FILME IMPRESCINDÍVEL: Minha Mãe é uma Peça: O Filme (2013), o primeiro de uma carreira repleta de sucessos
PRIMEIRO FILME: A Guerra dos Rocha (2008), no qual fez uma ponta como funcionário do IML
ÚLTIMO FILME: Minha Mãe é uma Peça 3 (2019), que foi também seu maior sucesso de bilheteria
FILME ESQUECÍVEL: Xuxa em O Mistério de Feiurinha (2009), de Tizuka Yamasaki, no qual não chega nem a ser um coadjuvante de destaque. Ainda assim, o longa teve 1,1 milhão de espectadores
GUILTY PLEASURE: Vai Que Cola: O Filme (2015), no qual interpreta uma figura muito próxima de quem ele era fora das telas, além de aparecer ao lado de alguns dos seus principais colegas, como Marcus Majella, Cacau Protásio e Samantha Schmütz
FILMES PERDIDOS: Paulo Gustavo tinha dois filmes engatilhados, que foram interrompidos pelo início da pandemia do Covid-19: 220 Volts: O Filme e Agente Especial. Não há confirmação se ambos chegaram a ser filmados ou não.

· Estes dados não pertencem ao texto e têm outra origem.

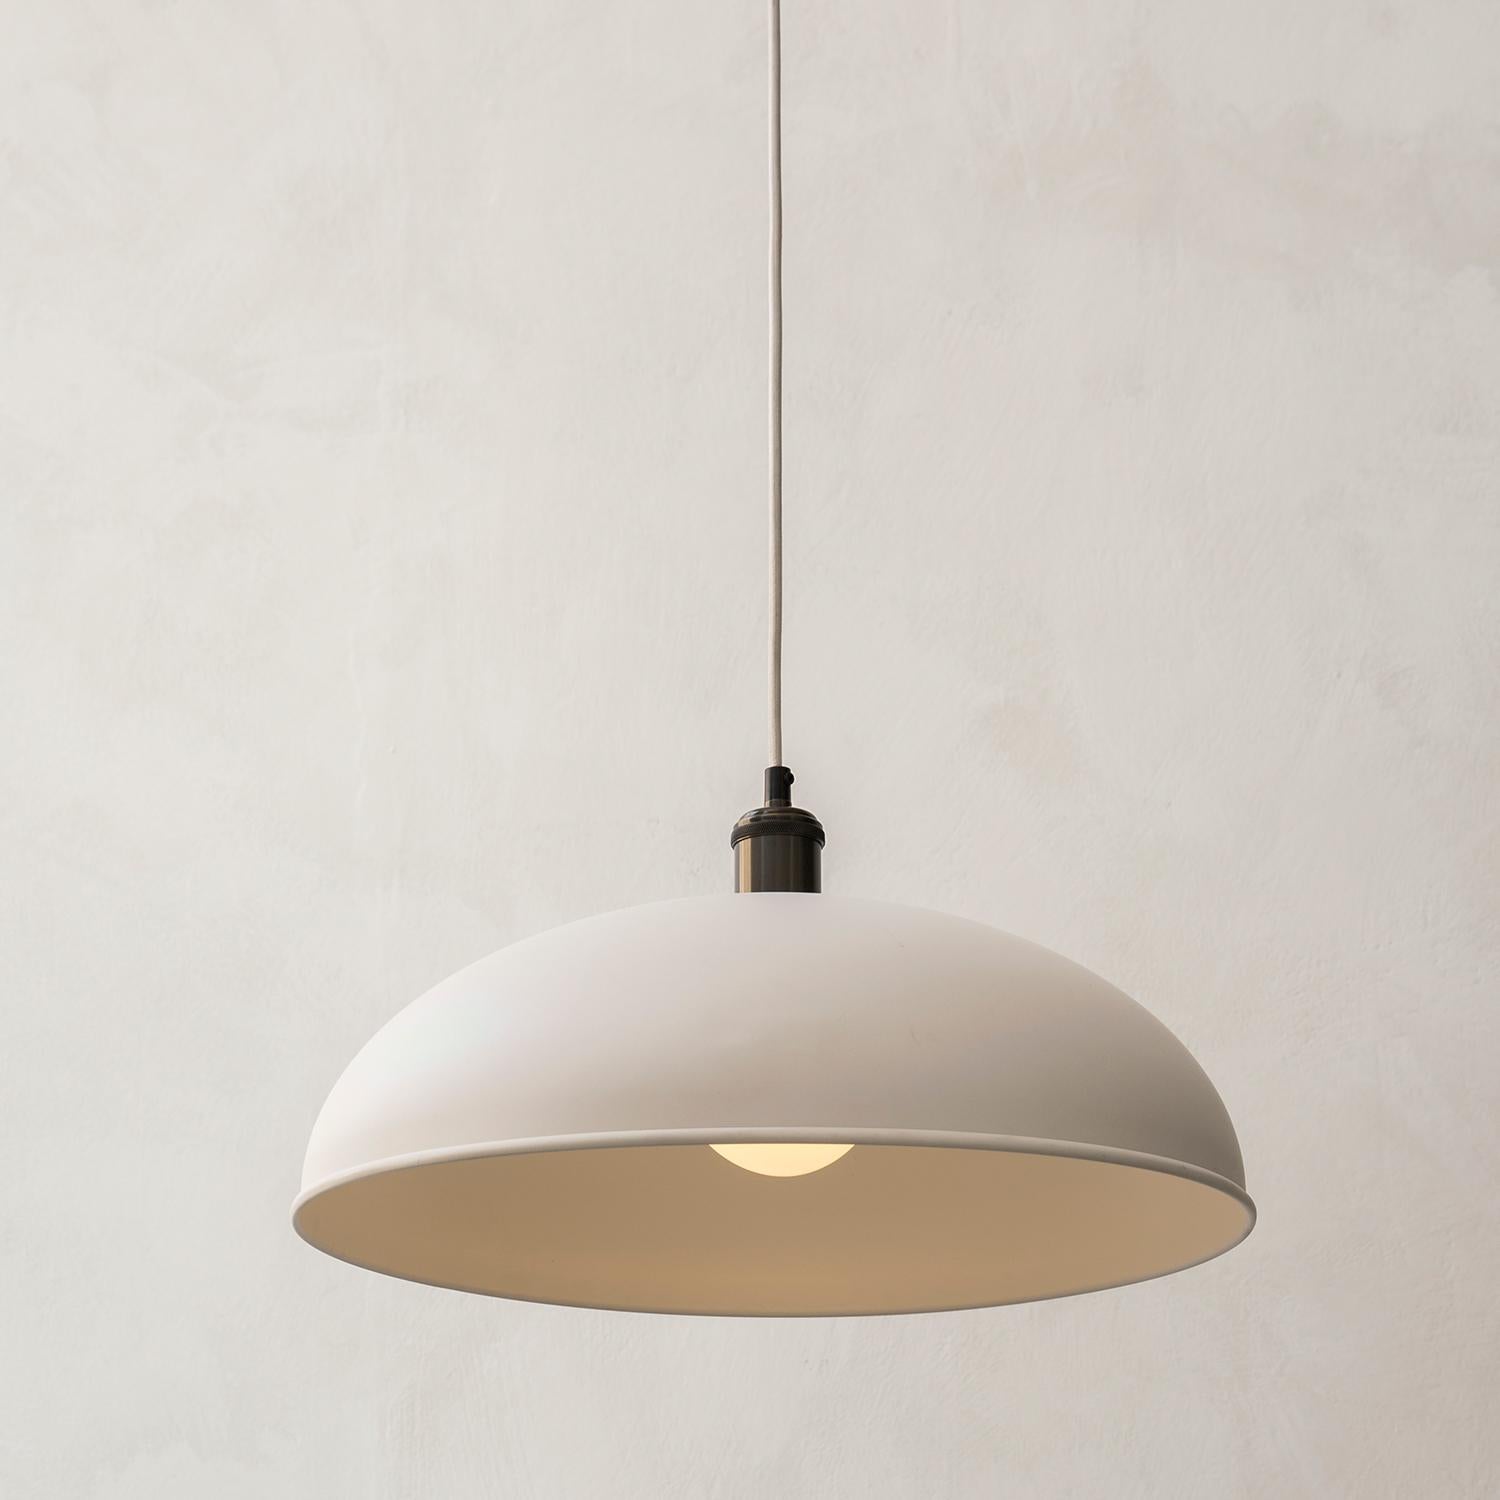 The Hubert Series was conceived by New York City-based design firm Søren Rose Studio. The functional frame, simple lines, and warming brass interior create a light that is at once unobtrusive and beautiful.

An off-shoot of the beloved Tribeca

PAPEL FAVORITO: Dona Hermínia, é claro, estrela maior da trilogia Minha Mãe é uma Peça
PREMIAÇÕES: ganhou o Grande Prêmio do Cinema Brasileiro na categoria de Melhor Roteiro Adaptado por Minha Mãe é uma Peça 2 (2016). Havia concorrido, na mesma categoria, por Minha Mãe é uma Peça: O Filme (2013).
FRASE INESQUECÍVEL: “Diga o quanto você ama a quem você ama. Mas não fica só na declaração, gente. Ame na prática, na ação. Amar é ação. Amar é arte”.